夏爾夫臉上露出一絲尷尬的神情,眼神飄忽地回答道:
“最近比較忙,這個周末前能制作好。”
忙?在我的觀察中,你去了兩趟附近的妓院,買了些吃喝,其他時候都待在家里……阿爾杰心中冷笑著,表情卻沒有變化地回答道:
“希望這是最后一次拖延,否則我和你都會有麻煩。”
這話他多少發自內心,畢竟夏爾夫正在制作的物品屬于“世界”格爾曼·斯帕羅。
“當然,當然,”夏爾夫忙不迭說道,隨后狀若無意地換了個話題,“你上次提到的‘木偶’非凡特性還在嗎?”

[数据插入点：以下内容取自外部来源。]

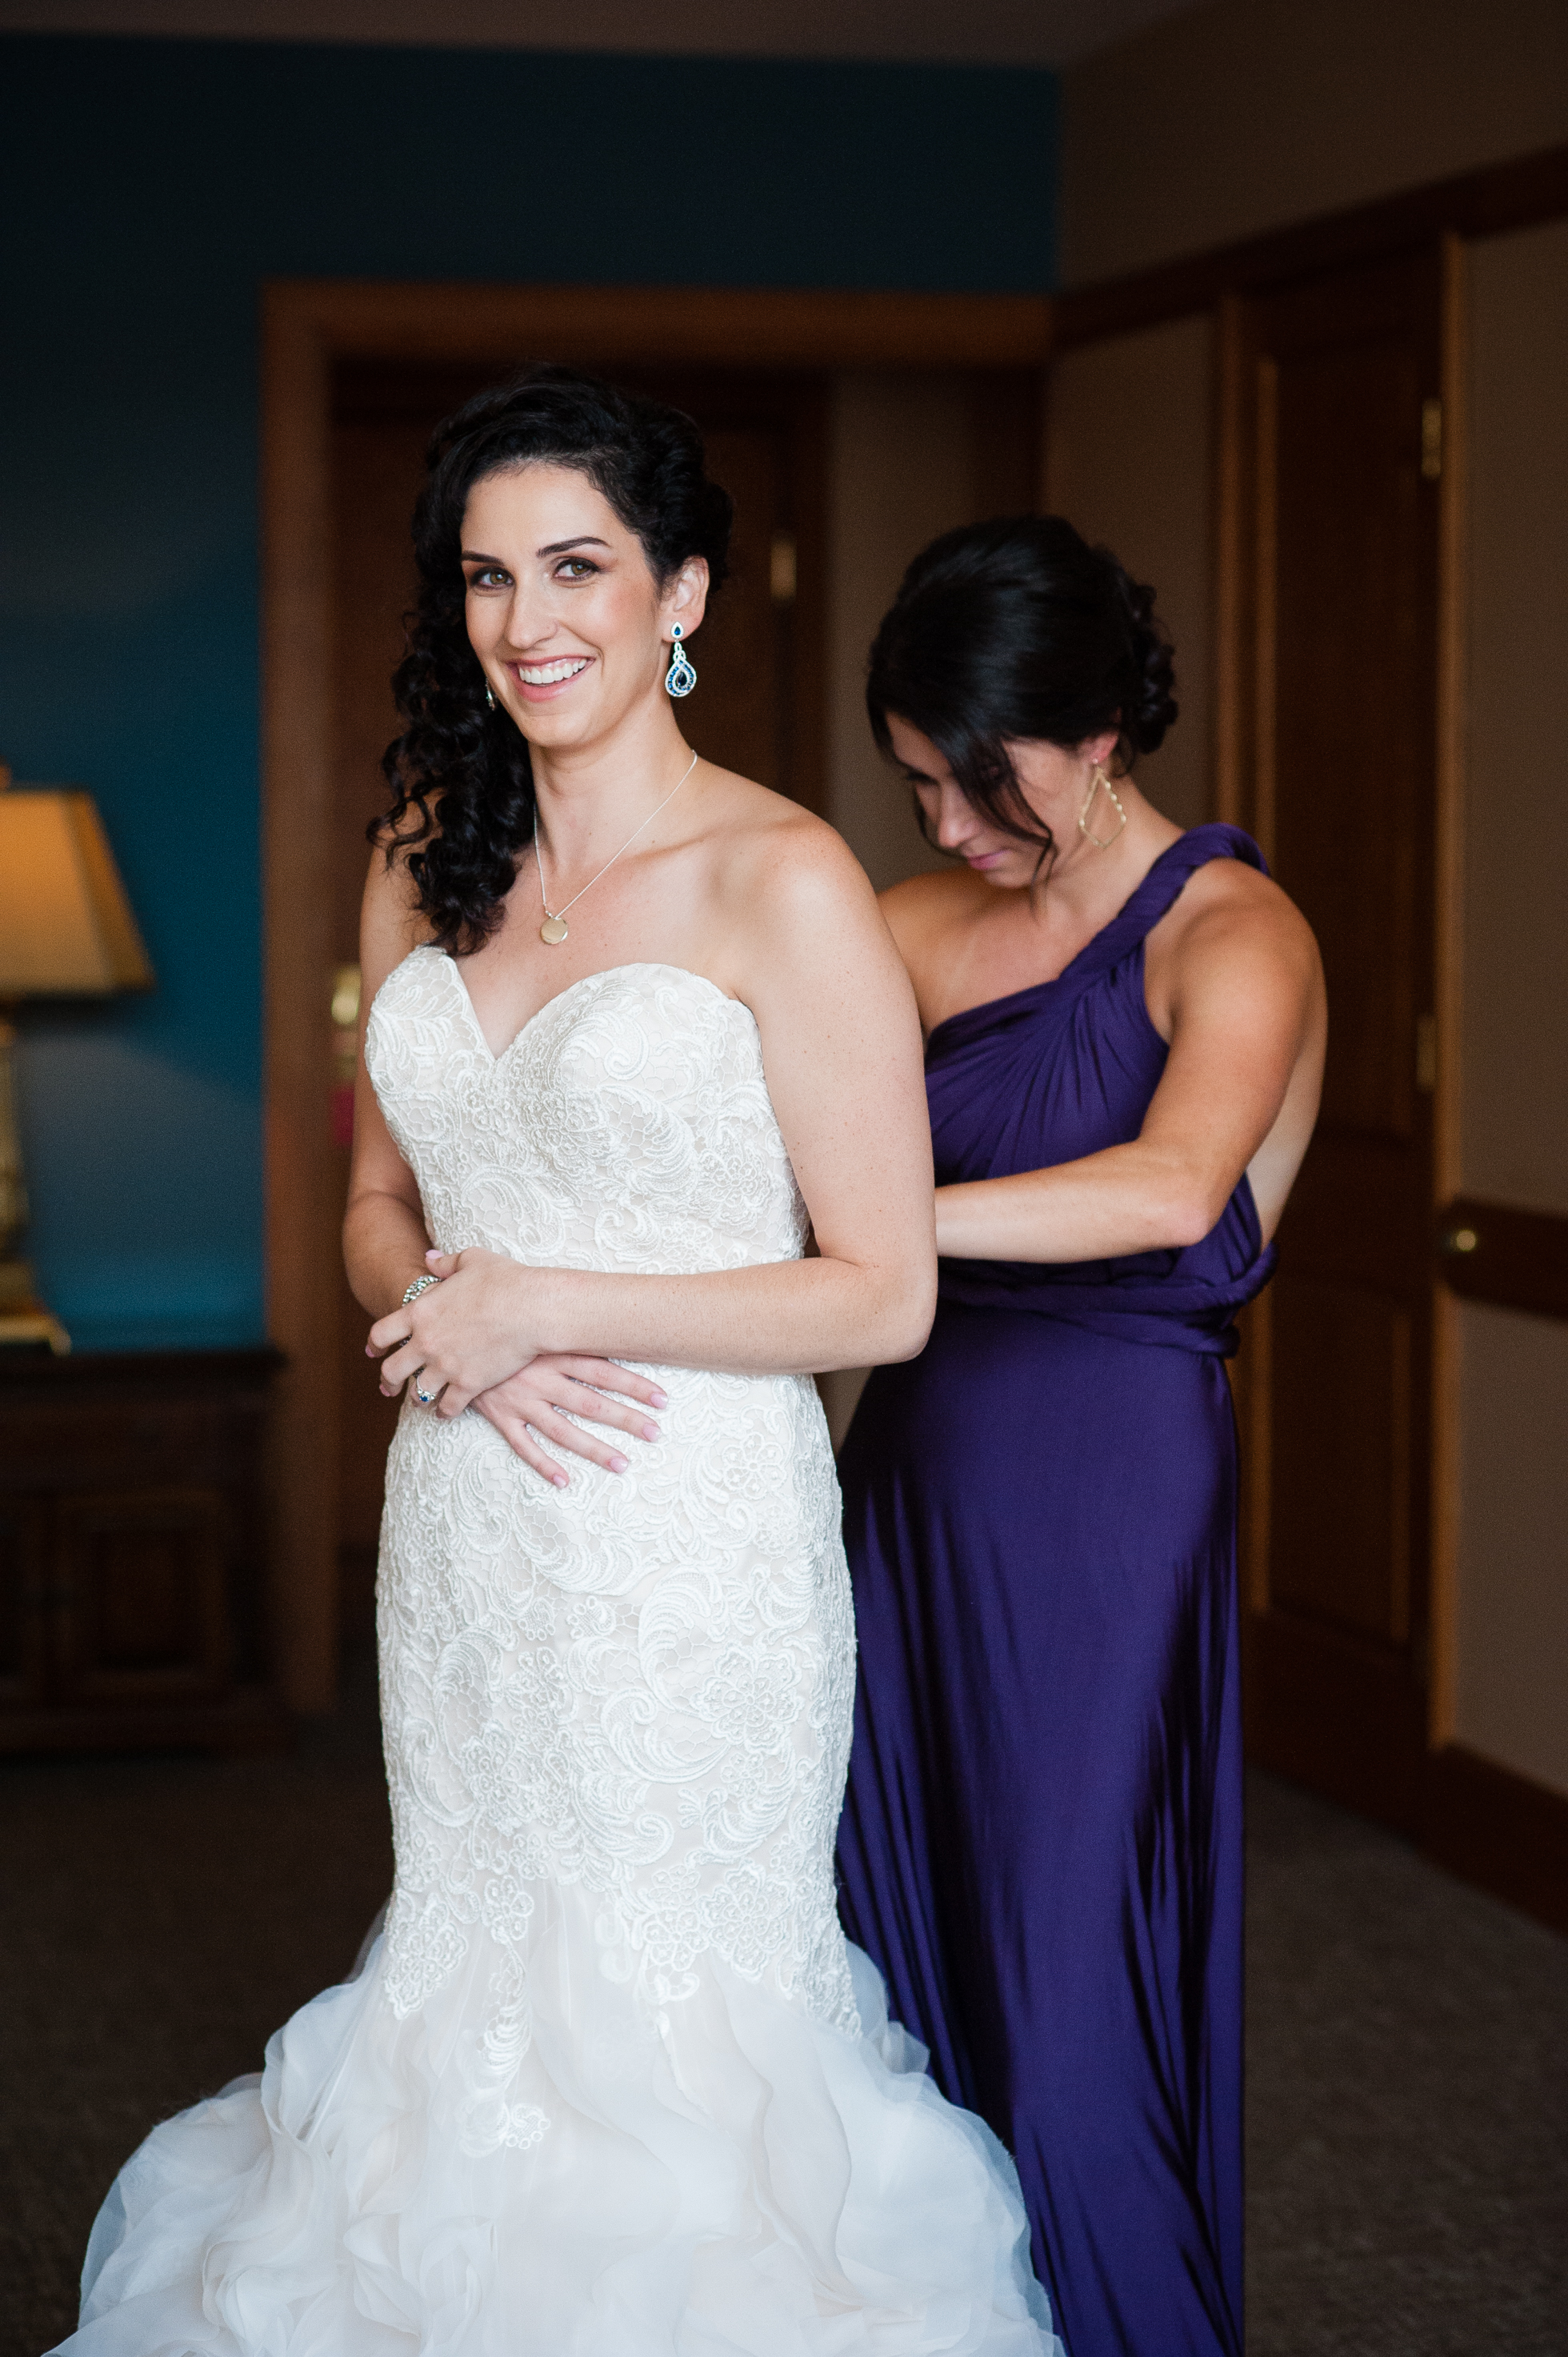 asheville bride getting dressed

“那不是我的,是我一個朋友的委托,伱不是沒辦法處理它么?”
阿爾杰“驚訝”地反問道。
“我做不了,但我能聯系到序列4的工匠,他們又被稱作‘煉金術士’……”夏爾夫神秘地笑了笑,壓低了聲音,“我只收一點介紹費,你……和你的朋友就能拿到一件強大的神奇物品,怎么樣?”

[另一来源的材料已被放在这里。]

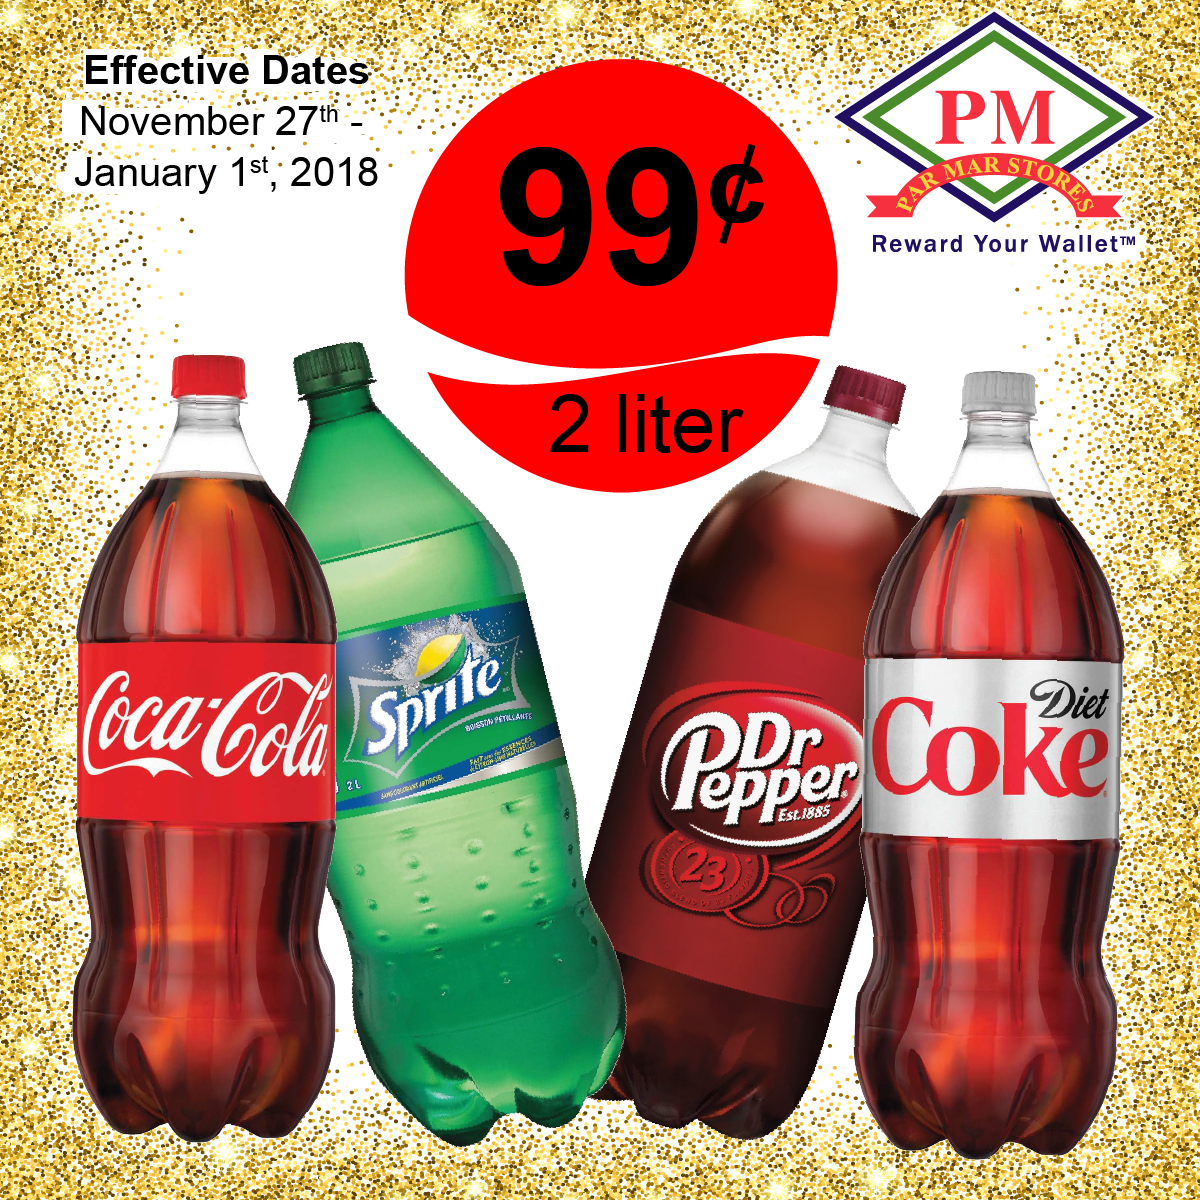 Coca Cola 2 Liter

要不是偷聽到你和那些“玫瑰教派”成員的謀劃,我差點都要相信了……阿爾杰眼神愈加冰冷,嘴角卻露出笑容:
“真的?”
“當然,我夏爾夫什么時候騙過你?”
見對方上當,夏爾夫深吸一口氣,吐出時卻帶上了些灼熱的氣息,這讓他喉嚨發癢,一邊擺手,離阿爾杰遠了兩步,一邊歪著頭咳嗽了幾聲。
那聲音如同金屬摩擦,尖銳而病態。
“怎么……怎么回事?”
哪怕是不善于戰斗的“工匠”,此時也發現了自己身體的不對,他摸向口袋,掏出一枚紐扣大小的黑色片狀物體,正要往嘴里送,卻被早有準備的阿爾杰一把扔出的酒杯砸中手腕,那枚也許能解決夏爾夫身體病癥的紐扣掉落在地,滾動著來到墻角。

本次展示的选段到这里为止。